Ta bramka wydaje nam się o tyle ciekawsza, że nawet jeśli wytężymy wzrok, trudno tu dostrzec błysk geniuszu. Walijczyk po prostu świetnie znajdował wolne przestrzenie i w nie wbiegał, korzystając z gapiostwa rywali. Była w tym duża mądrość i bezczelność, ale czy brylantowa technika? No nie, przy czym złudzenie, że mógłby to zrobić każdy, to – no właśnie – tylko złudzenie. Bramka, nie ma co kryć, była dość istotna. Mówimy o dogrywce w półfinale Pucharu Anglii. Giggs miał trochę więcej sił, bo wszedł na boisko dopiero w 61. minucie za Jespera Blomqvista. Ostatecznie Czerwone Diabły zdobyły trofeum (po meczu z Newcastle) – zresztą tak jak mistrzostwo Anglii i Ligę Mistrzów.

 

FRANCESCO TOTTI Z INTEREM MEDIOLAN (26.10.2005)

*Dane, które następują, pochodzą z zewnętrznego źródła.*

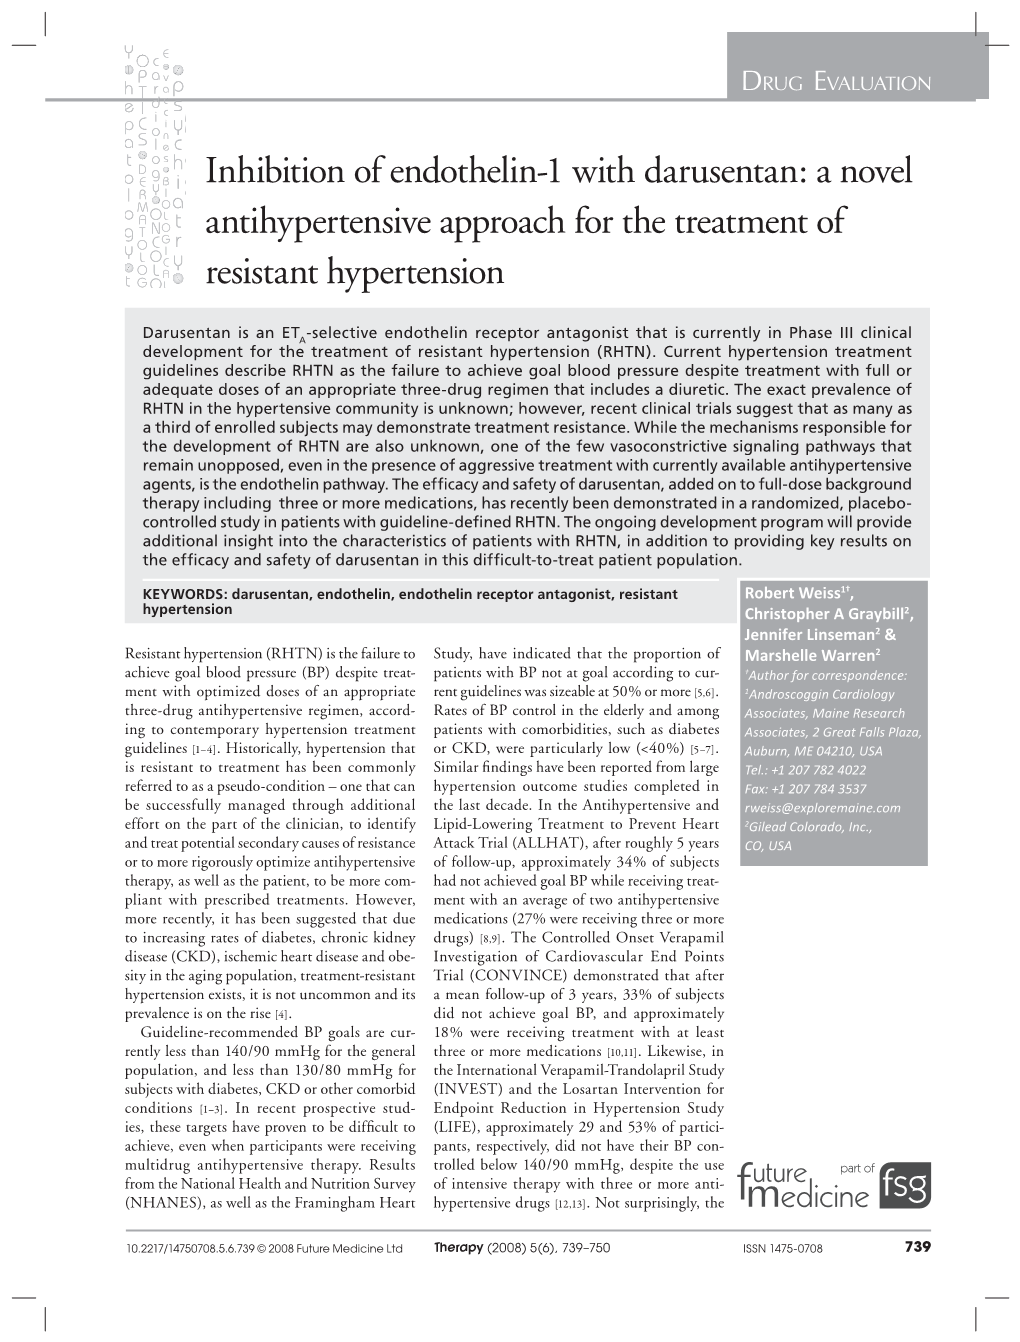 Darusentan: a Novel Antihypertensive Approach for the Treatment of Resistant Hypertension
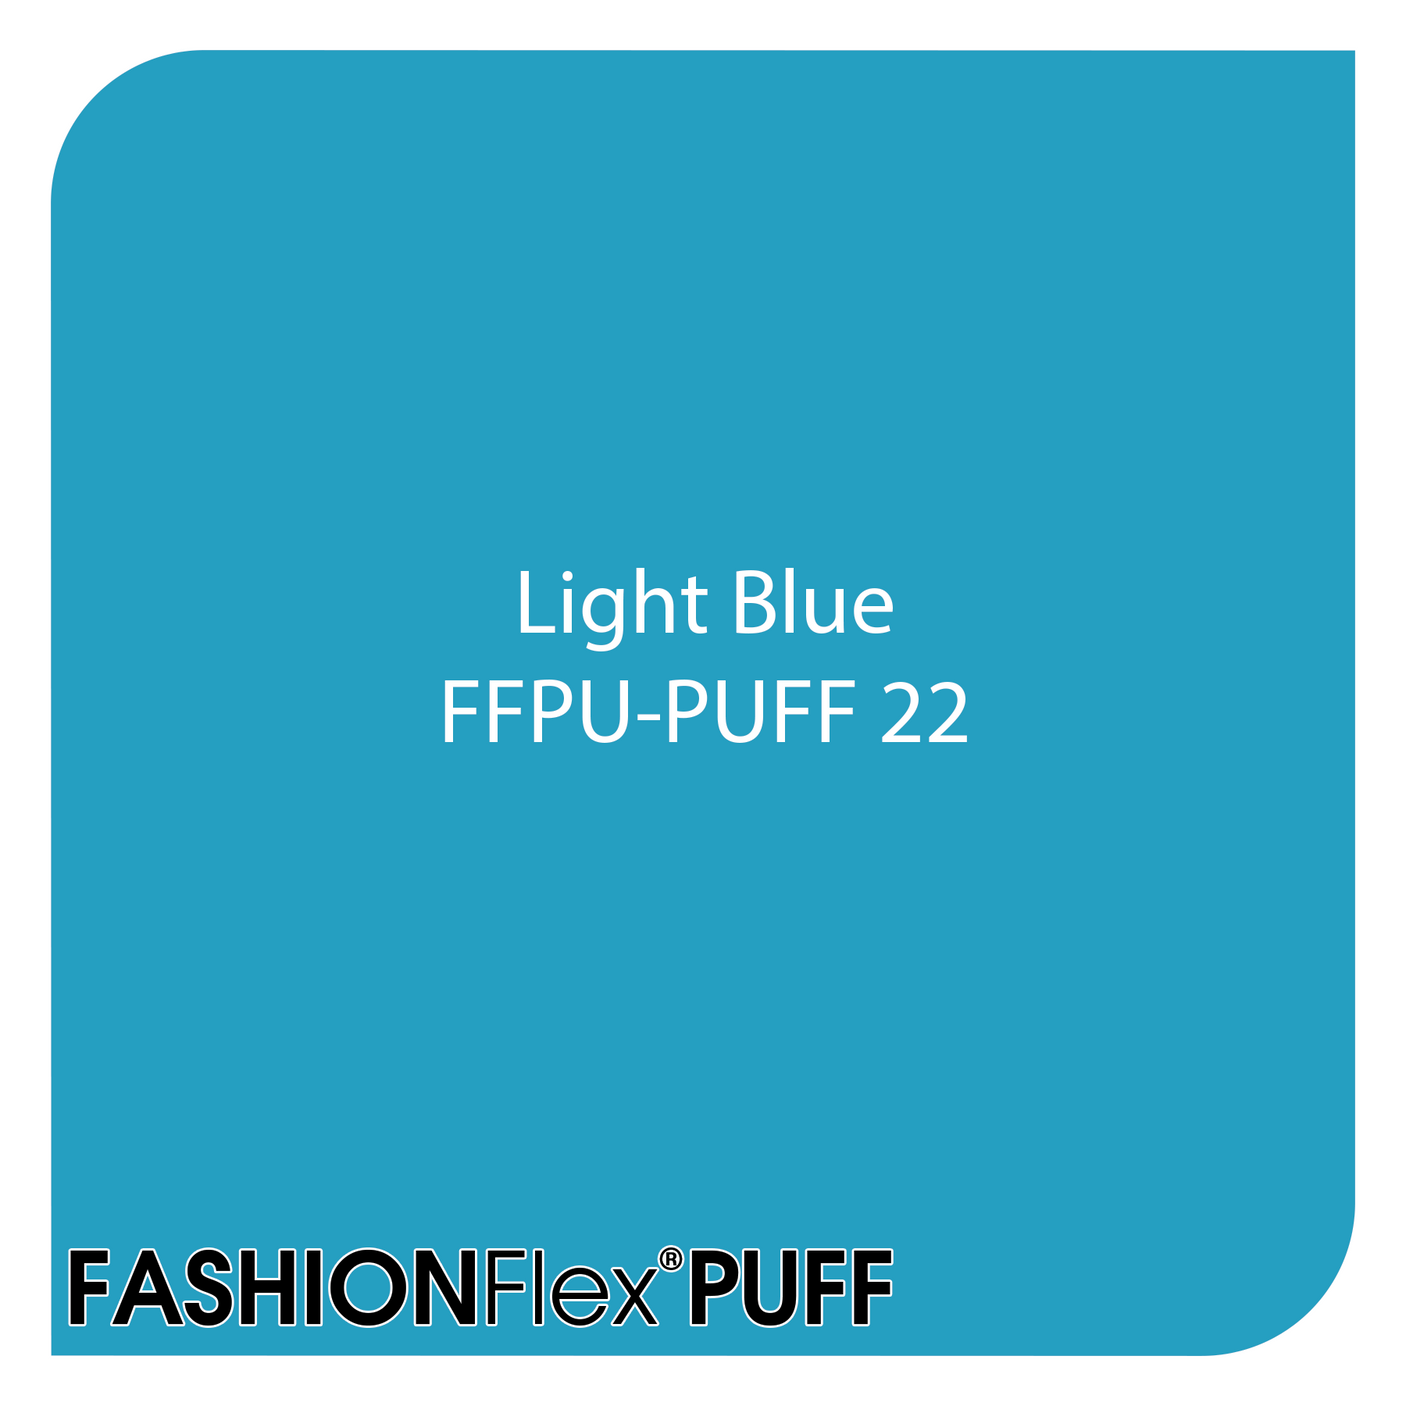 FASHIONFLEX® PUFF - 12" x 20" Sheet

Chwilę zastanawialiśmy się, jak sklasyfikować tę bramkę. O ile w większości przypadków na tej liście sam strzał nie jest już niczym szczególnym, zazwyczaj jedynie dopełnieniem formalności, o tyle w tym przypadku nie można tak powiedzieć. Totti połączył ze sobą utrzymanie się przy piłce przy asyście rywali i przebycie z nią sporego dystansu z idealnym lobem. Nie pchał się pole karne, gdzie mógłby dalej dryblować, bo kątem oka sprawdził ustawienie bramkarza i skwapliwie z niego skorzystał. Na granicy, ale uznajemy! Najwyżej pojawi się ta bramka też w innej odsłonie zestawienia. Nie ma problemu, gdyż oglądać możemy ją tyle, ile wlezie.

 

RONALDINHO Z REALEM MADRYT (19.11.2005)

No trzeba przyznać, że nieczęsto się zdarza, by Santiago Bernabeu owacją żegnało piłkarza Barcelony, jednak ten wieczór był tak magiczny, iż fani Królewskich wykazali się dużą klasą, dziękując w ten sposób Ronaldinho. Brazylijczyk dał show, strzelając dwa wspaniałe gole. Wyżej oceniliśmy tego pierwszego. W teorii sprawa wygląda dość prosto – dużo przestrzeni, więc nic tylko docisnąć i strzelić. No ale raz, że łatwo powiedzieć, a dwa, że i to można było wykonać w różnym stylu. As Barcelony wybrał sposób najlepszy z możliwych.

 

LEO MESSI Z REALEM MADRYT (27.04.2011)

Wirtuozerska. Zjawiskowa. Po prostu fantastyczna. Dokładnie taka była asysta Sergio Busquetsa przy tym golu, prawda? Mówimy o bramce na 2-0 w pierwszym meczu półfinałowym w Lidze Mistrzów (w rewanżu było 1-1), czyli dość ważnym i jeszcze raz (by nie było wątpliwości) – robotę ewidentnie odwalił Hiszpan, a Messi przyszedł na gotowe i spił śmietankę.

 

THIERRY HENRY Z REALEM MADRYT (21.02.2006)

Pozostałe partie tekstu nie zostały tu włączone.